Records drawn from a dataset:

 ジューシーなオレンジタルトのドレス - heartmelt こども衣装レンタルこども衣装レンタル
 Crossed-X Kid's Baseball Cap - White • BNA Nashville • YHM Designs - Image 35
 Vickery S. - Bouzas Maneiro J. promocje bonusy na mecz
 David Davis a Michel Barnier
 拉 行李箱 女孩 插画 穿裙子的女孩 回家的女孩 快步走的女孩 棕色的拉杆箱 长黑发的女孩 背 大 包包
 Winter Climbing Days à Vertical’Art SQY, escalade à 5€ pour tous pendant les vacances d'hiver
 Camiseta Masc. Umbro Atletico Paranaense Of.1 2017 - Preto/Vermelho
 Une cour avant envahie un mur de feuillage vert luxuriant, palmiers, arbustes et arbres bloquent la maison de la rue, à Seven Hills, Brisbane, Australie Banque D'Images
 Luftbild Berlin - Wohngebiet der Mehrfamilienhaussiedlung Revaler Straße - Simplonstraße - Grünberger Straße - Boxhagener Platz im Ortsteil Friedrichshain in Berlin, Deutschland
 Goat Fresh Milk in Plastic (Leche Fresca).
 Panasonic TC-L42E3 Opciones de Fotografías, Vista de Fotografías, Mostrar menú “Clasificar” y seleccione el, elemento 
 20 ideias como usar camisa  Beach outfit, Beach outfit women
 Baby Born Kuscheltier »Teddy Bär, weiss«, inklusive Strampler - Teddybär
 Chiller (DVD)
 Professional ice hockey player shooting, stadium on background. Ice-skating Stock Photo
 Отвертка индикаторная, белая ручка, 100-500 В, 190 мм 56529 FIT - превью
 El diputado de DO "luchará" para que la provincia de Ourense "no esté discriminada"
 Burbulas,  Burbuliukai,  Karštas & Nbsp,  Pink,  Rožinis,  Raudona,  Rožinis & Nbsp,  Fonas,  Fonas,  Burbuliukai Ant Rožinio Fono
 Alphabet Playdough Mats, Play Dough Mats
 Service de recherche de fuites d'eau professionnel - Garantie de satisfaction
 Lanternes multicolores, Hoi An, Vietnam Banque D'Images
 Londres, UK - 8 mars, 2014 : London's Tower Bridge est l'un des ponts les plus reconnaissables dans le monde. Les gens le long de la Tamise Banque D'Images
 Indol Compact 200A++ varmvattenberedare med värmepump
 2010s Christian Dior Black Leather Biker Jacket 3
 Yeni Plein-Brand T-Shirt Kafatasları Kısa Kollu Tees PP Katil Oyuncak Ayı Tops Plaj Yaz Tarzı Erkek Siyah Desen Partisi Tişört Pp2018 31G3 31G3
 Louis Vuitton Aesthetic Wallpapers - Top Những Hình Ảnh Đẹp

EXERCISE DESCRIPTION:
Retype exactly the lines from the start of the entries through the one with "Winter Climbing Days"; include both ends.

WRITTEN RESPONSE:
 ジューシーなオレンジタルトのドレス - heartmelt こども衣装レンタルこども衣装レンタル
 Crossed-X Kid's Baseball Cap - White • BNA Nashville • YHM Designs - Image 35
 Vickery S. - Bouzas Maneiro J. promocje bonusy na mecz
 David Davis a Michel Barnier
 拉 行李箱 女孩 插画 穿裙子的女孩 回家的女孩 快步走的女孩 棕色的拉杆箱 长黑发的女孩 背 大 包包
 Winter Climbing Days à Vertical’Art SQY, escalade à 5€ pour tous pendant les vacances d'hiver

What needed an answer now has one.